Les Ultramarins a interrogé Raphaël Confiant sur son dernier roman, "Du Morne-des-Esses au Djebel". L'écrivain martiniquais s'est une nouvelle fois attaché à mettre un pan de l'histoire des Martiniquais en roman.

Ancien militant du mouvement de défense de la créolité dans les années 1970, Raphaël Confiant est le doyen de la faculté des lettres et sciences humaines de l'Université des Antilles et de la Guyane.

Les Ultramarins : Pourquoi avoir choisi la guerre d'Algérie comme toile de fond de votre roman ?

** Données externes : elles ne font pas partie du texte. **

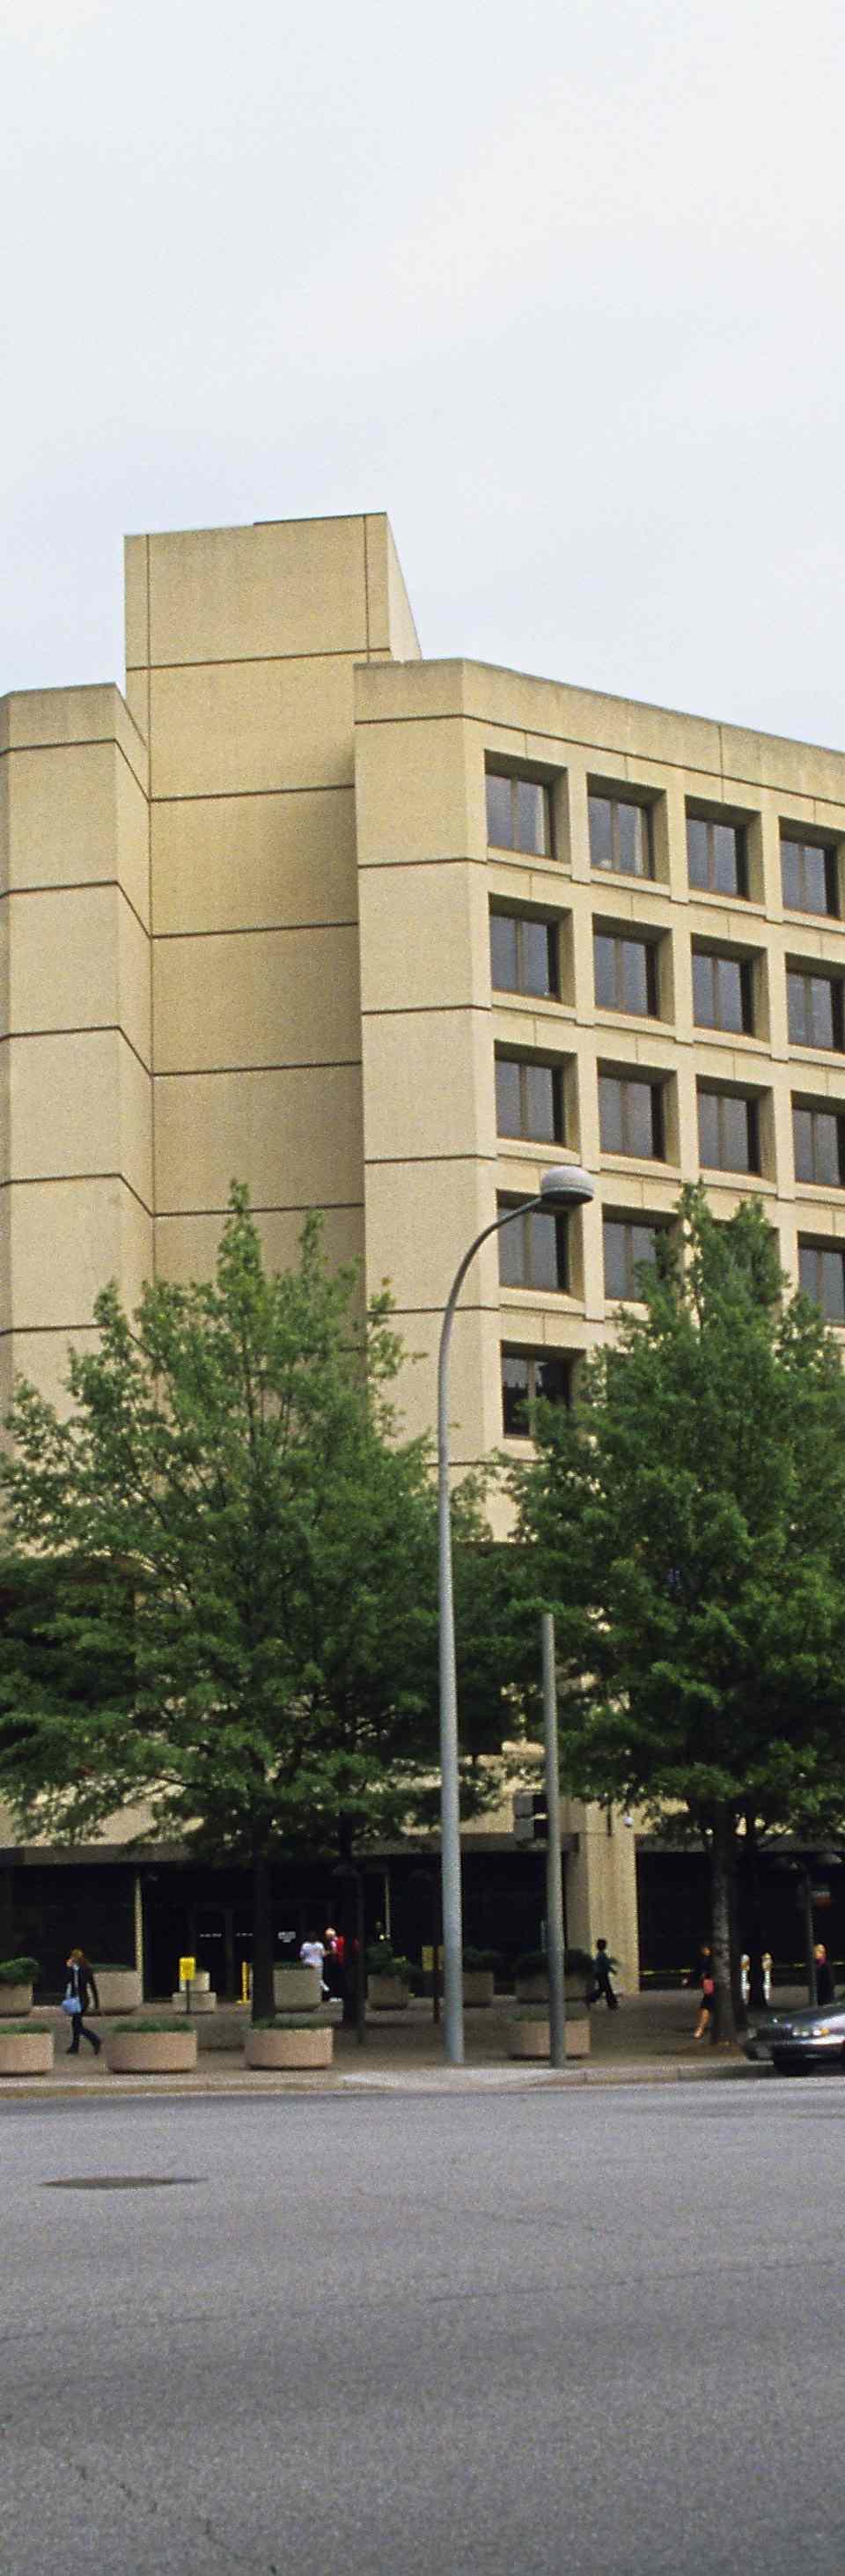 FBI Headquarters in Washington DC
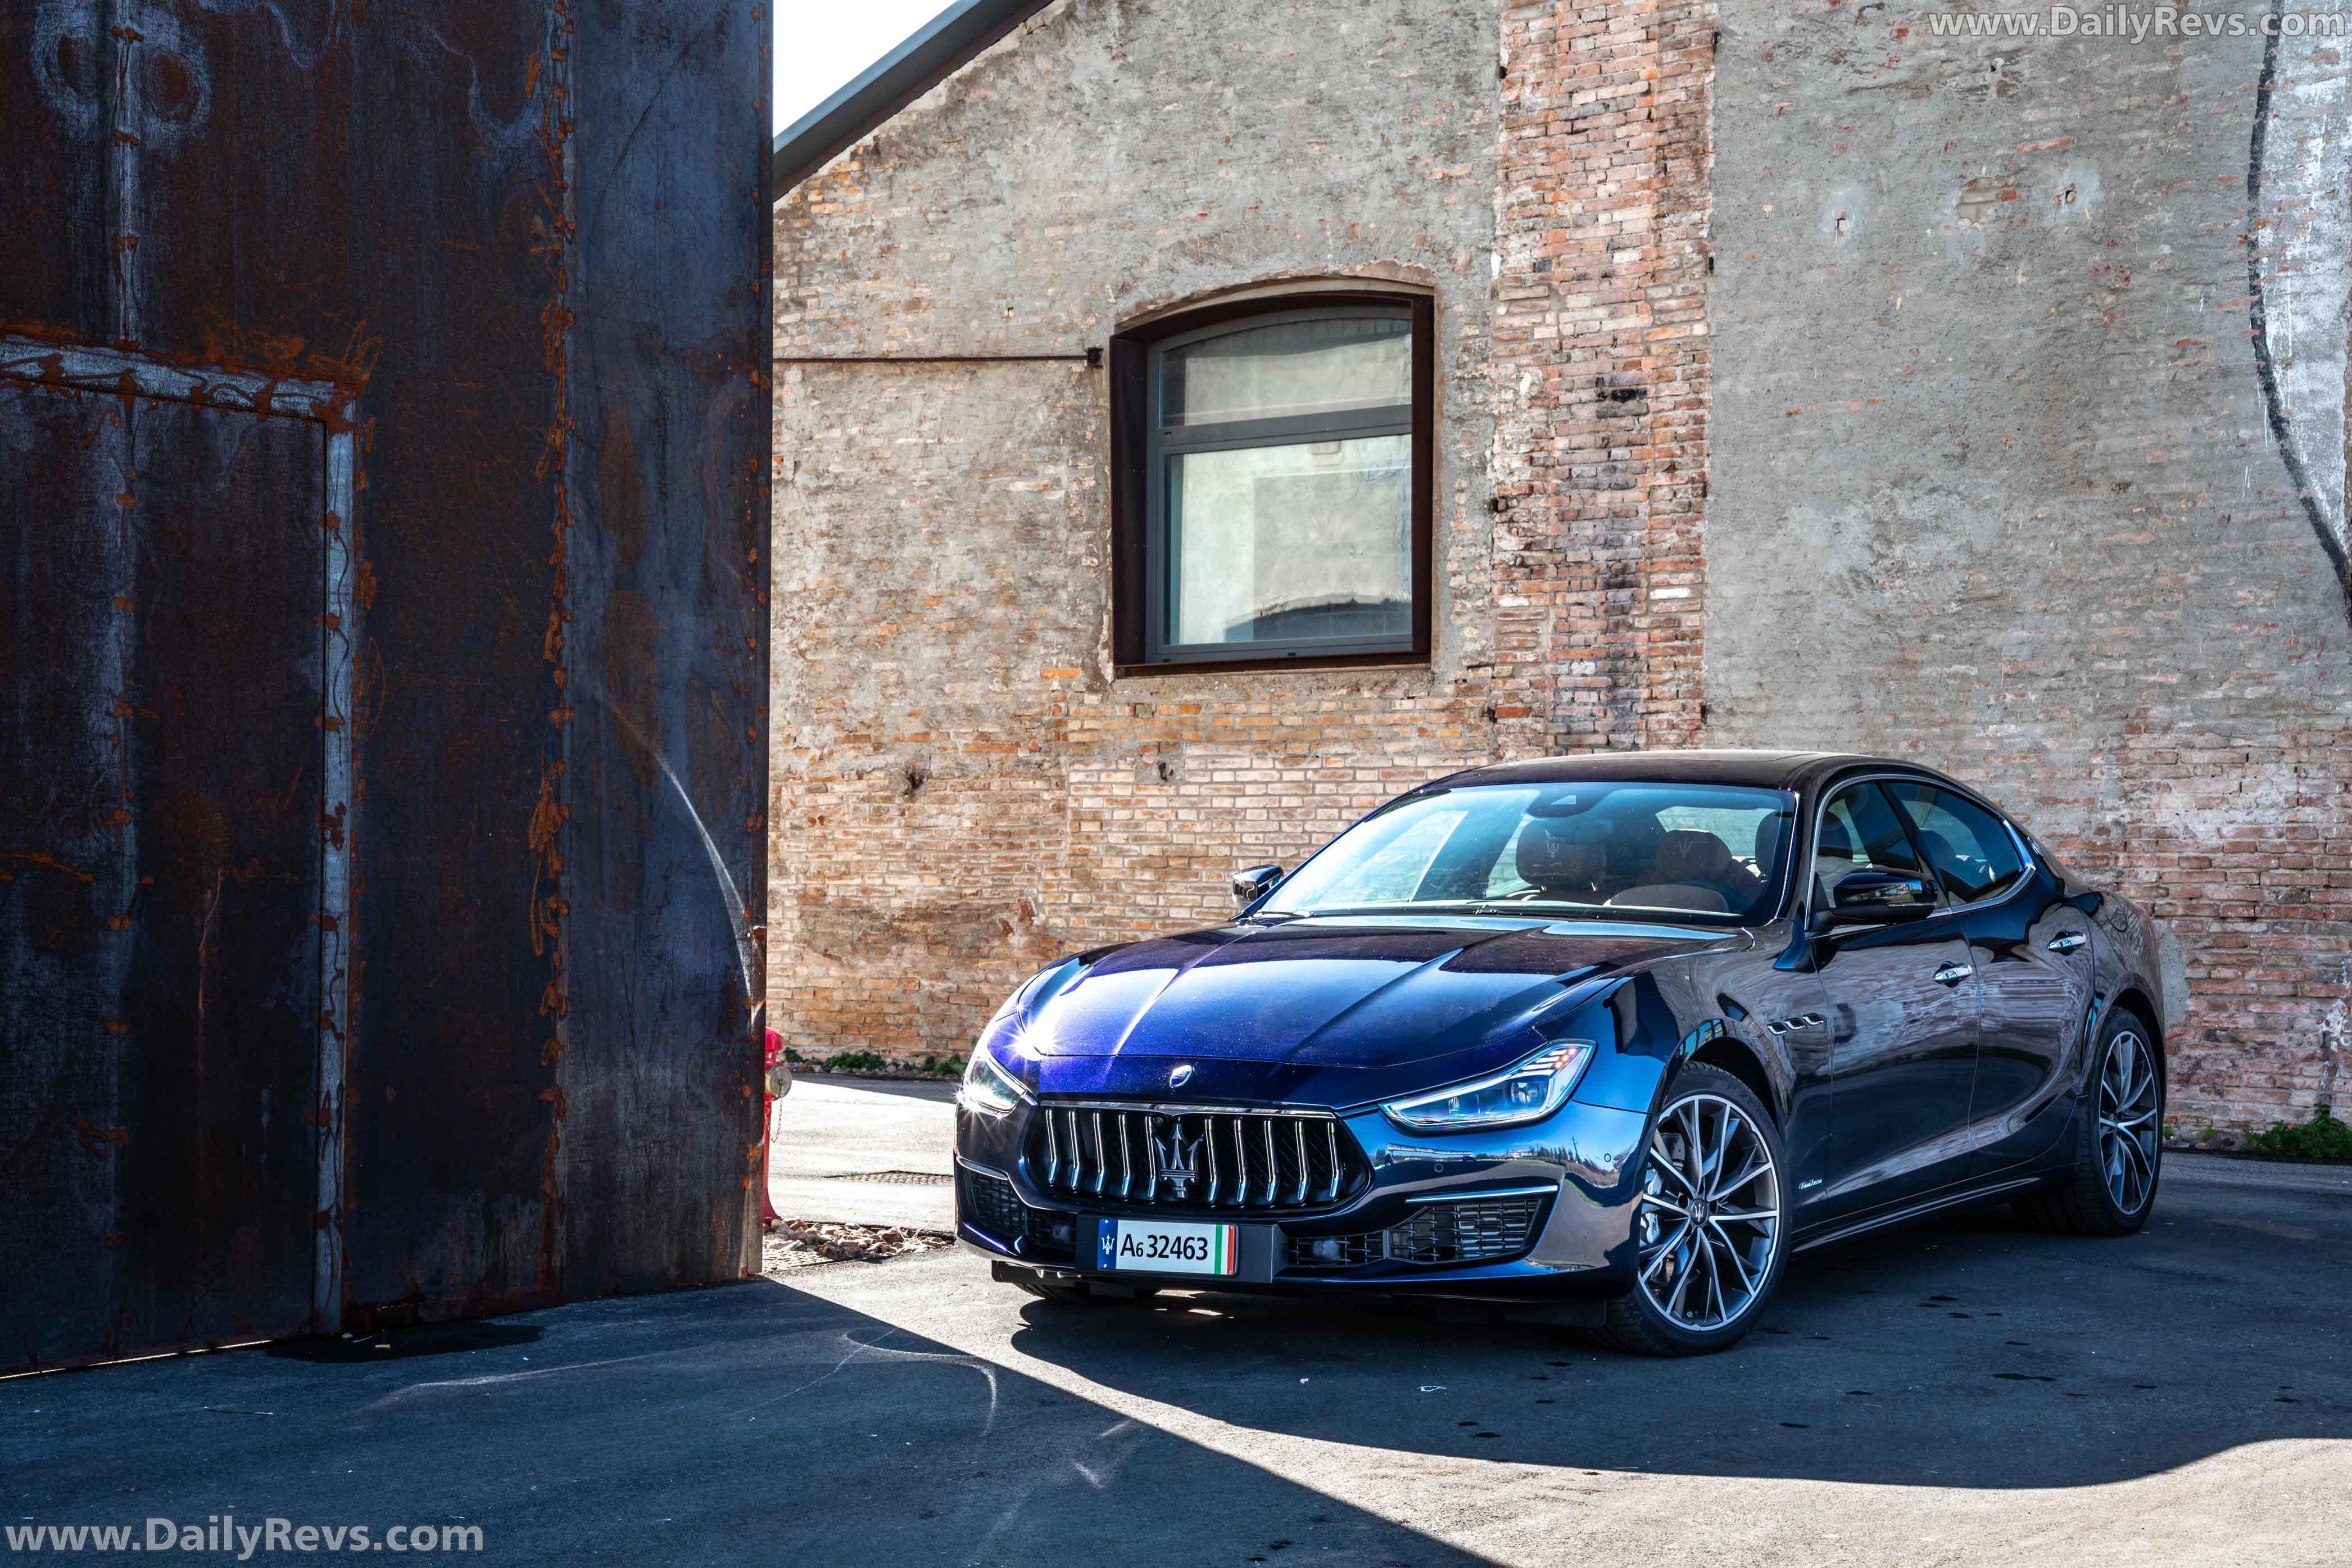 2021 Maserati Ghibli SQ4 - Dailyrevs

Raphaël Confiant : Des soldats antillais ont participé à la terrible guerre d'Algérie qui s'est déroulée entre 1954 et 1962. Certains y ont perdu la vie ; d'autres en sont revenus décorés. Leur histoire est très peu connue d'autant qu'elle a été occultée par l'impressionnante figure de Frantz Fanon qui était passé du côté algérien. Or, tous les Antillais qui se trouvaient là-bas à cette époque n'étaient pas des Fanon. Loin de là !

Raphaël Confiant
Raphaël Confiant

Vous étiez jeune au moment de cette guerre. Vous êtes-vous appuyé sur les histoires des soldats Samaritains revenus de la guerre et recueilli leurs témoignages pour brosser les traits de vos personnages ?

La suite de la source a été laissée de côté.